Another great product bites the dust?
June 3, 2004 Product Management No Comments Viewed: 261 times
It is official. Sony is virtually withdrawing from the PDA market with the decision to stop selling its Clie range of products in the U.S. and European markets. Sony’s move may well be the beginning of the end for the PDA as a product in general. One of the main reasons for lackluster PDA sales - once a hot gizmo among the upwardly mobile population - is the strong competition from “the communication business’s 800-pound gorilla: the cell phone.”
So, will PDAs be relegated to the dustbin of great products that failed? Or will it reincarnate in a different avatar? The debate is on. The product gurus are definitely trying to answer some of the obvious questions: Did Sony (and the others) didn’t foresee the threats from the substitute(s)? Were there simply too many features (do I hear some one say “the iPod lesson”)? Did the price reflect a fair value proposition from the customer’s viewpoint? How do PDAs differentiate from today’s feature-rich cell phones and “converged” mobile phones?

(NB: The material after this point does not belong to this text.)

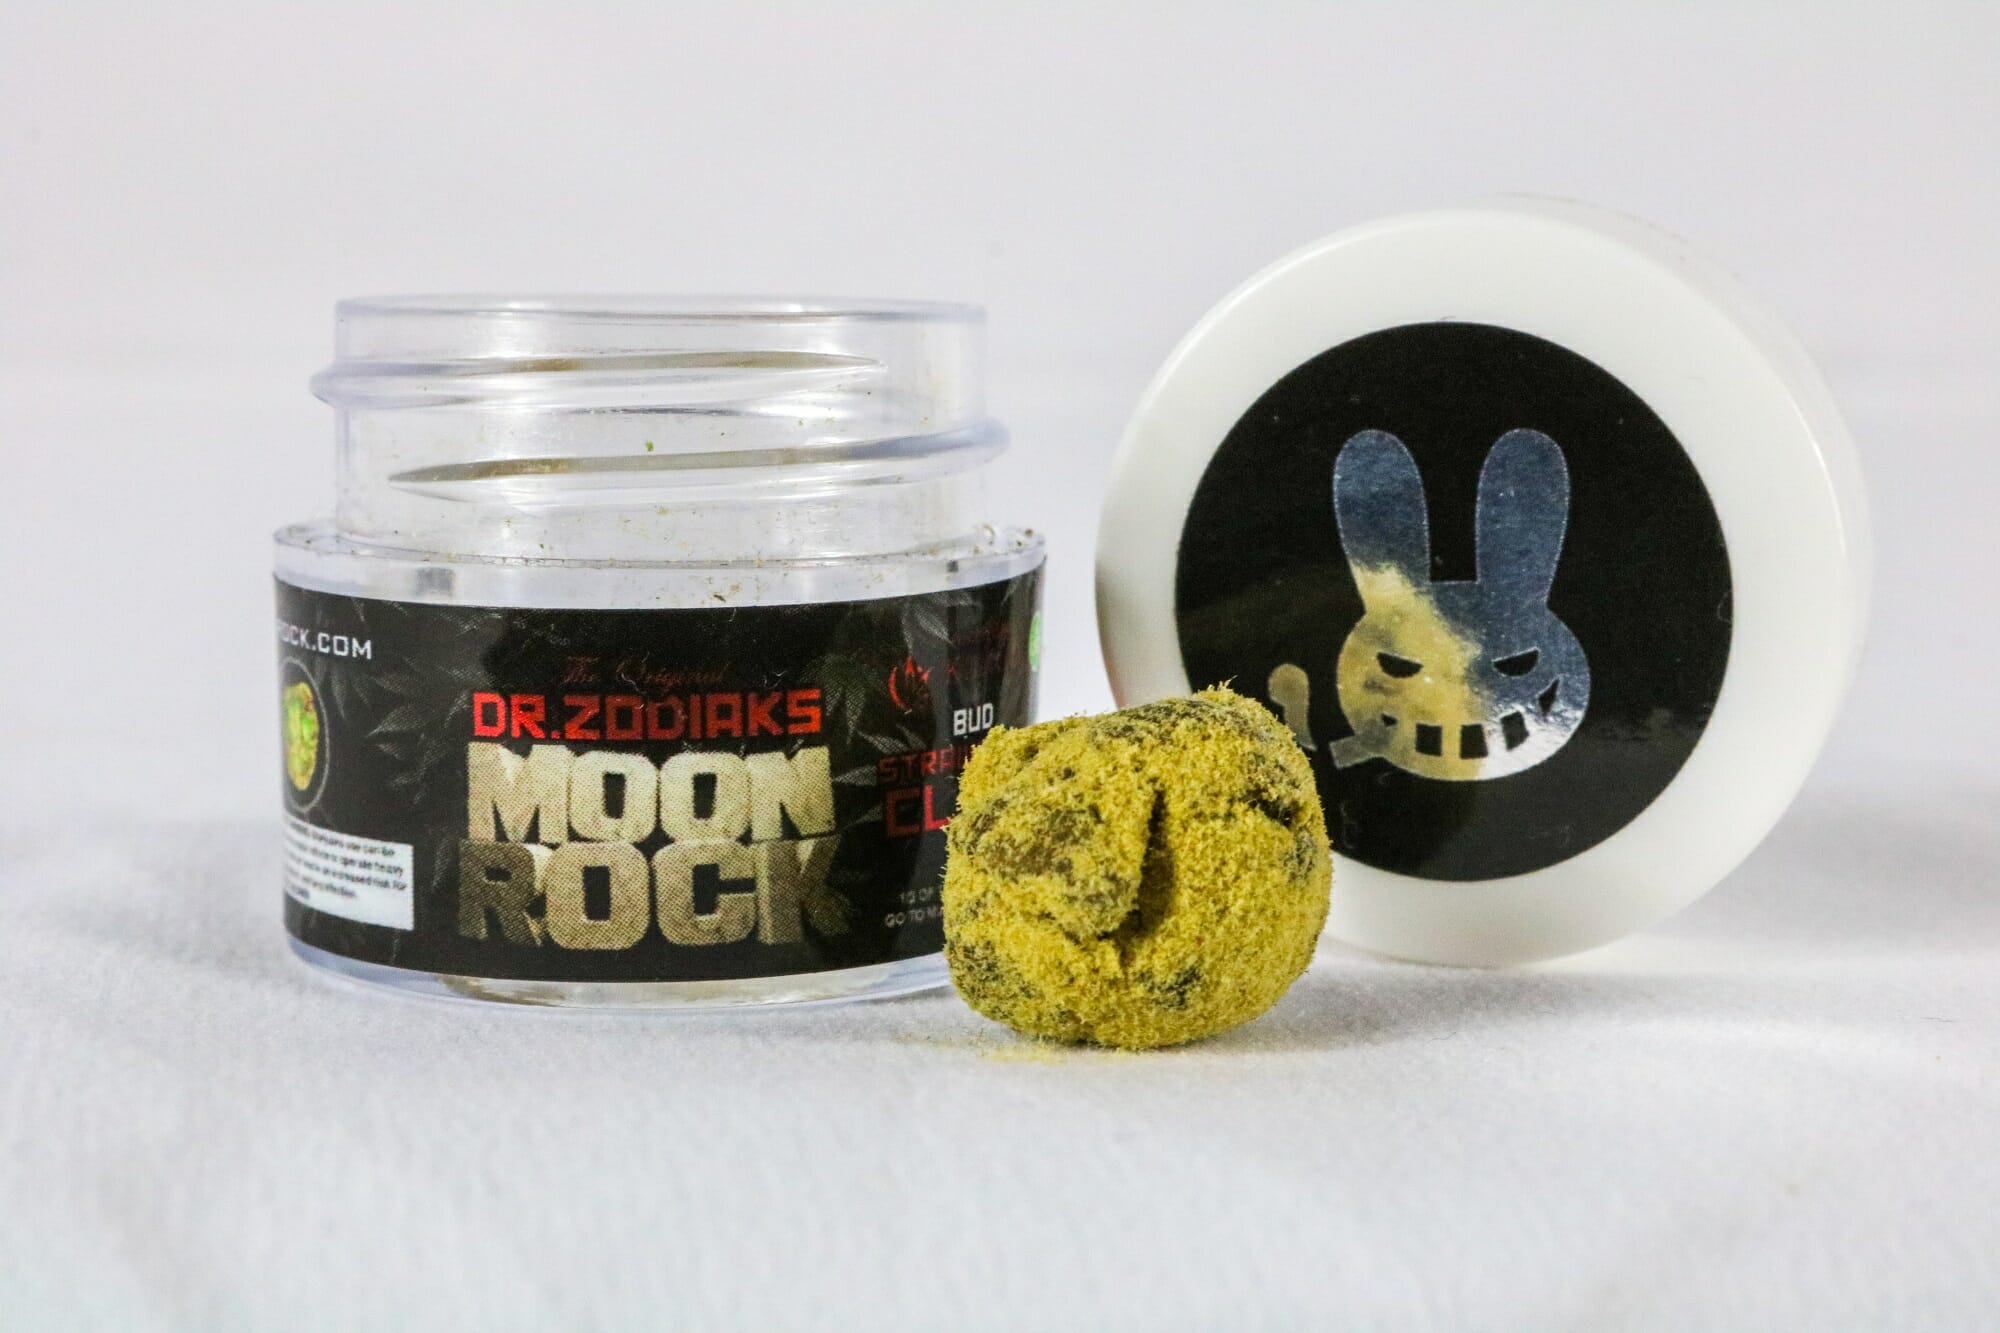 Featured High Strength THC Product: Dr Zodiak's Moon Rocks

All said and done, it will be a while before the customers give their final verdict on the value of PDA as a product. Sony will more than survive even if the PDA market collapses. Thanks to their wide range of product portfolio and business units. But what about companies whose market presence is solely based on PDAs and related components and services - a company like PalmSource Inc., whose software powers the PDAs and which counts Sony as its second biggest licensee? They would definitely need to do some serious rethinking about their product portfolio. A single product strategy is always dangerous in hi-tech industry - especially considering the fact that technology is itself in a stage of flux.

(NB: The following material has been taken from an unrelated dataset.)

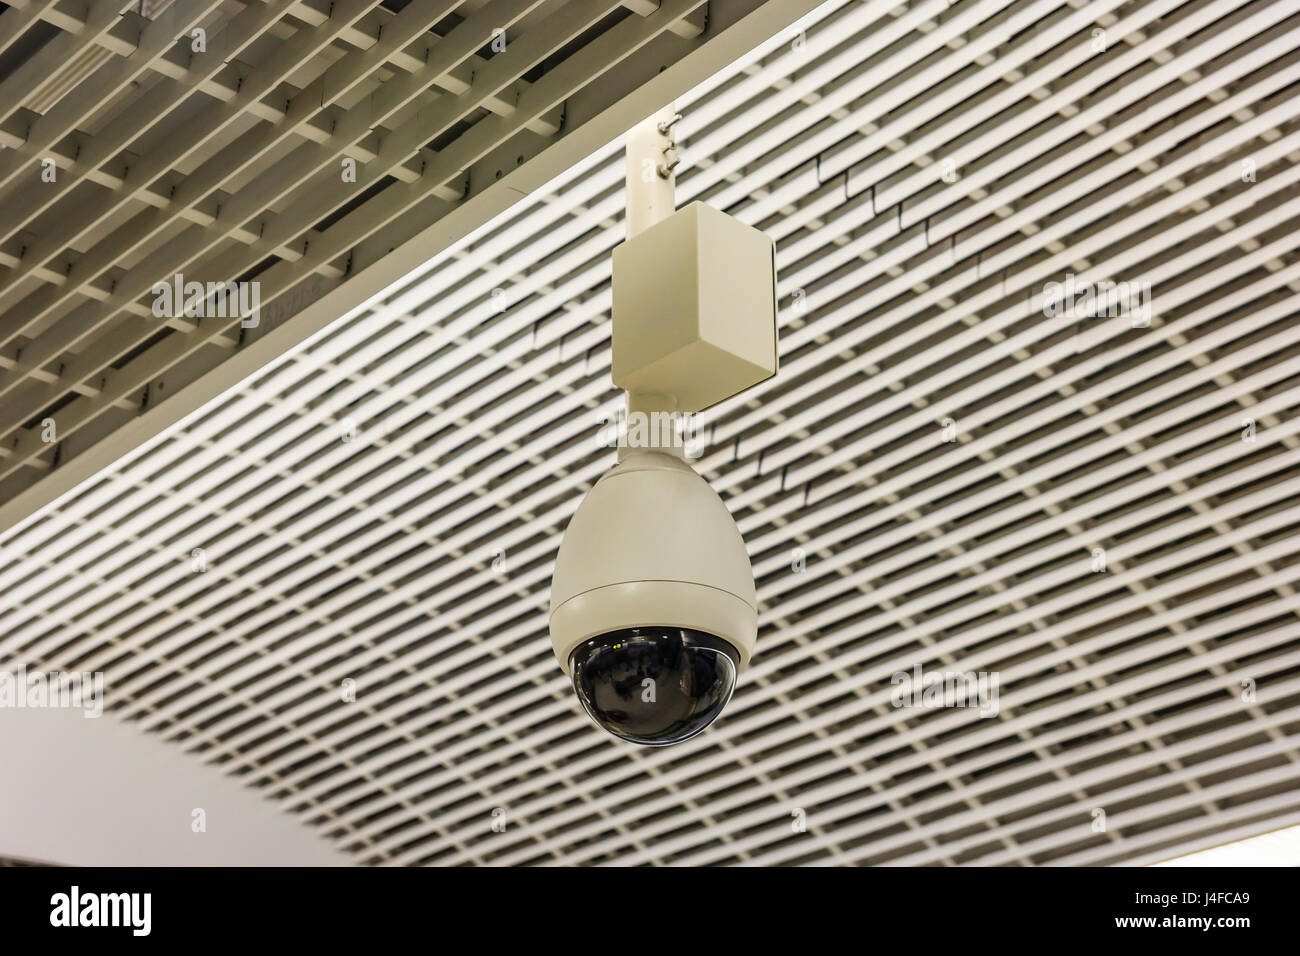 Security Camera, CCTV on location, airport Stock Photo

So what are the lessons to be learnt? The one lesson that I will take home is that product managers within a company should always plan for failure. Always. Even in the best of times - when company’s products are raking in great returns, no competition in sight, substitutes are weak, the party for company’s “Killer Product of the Decade” is underway, etc, etc. - it pays to be a paranoid product manager. In fact, employers should pay product managers to be paranoid! In my book, a good product manager is one who is constantly aware that the next product to kill his/her company’s flagship product may come the very next day. Or while (s)he is sleeping in the night.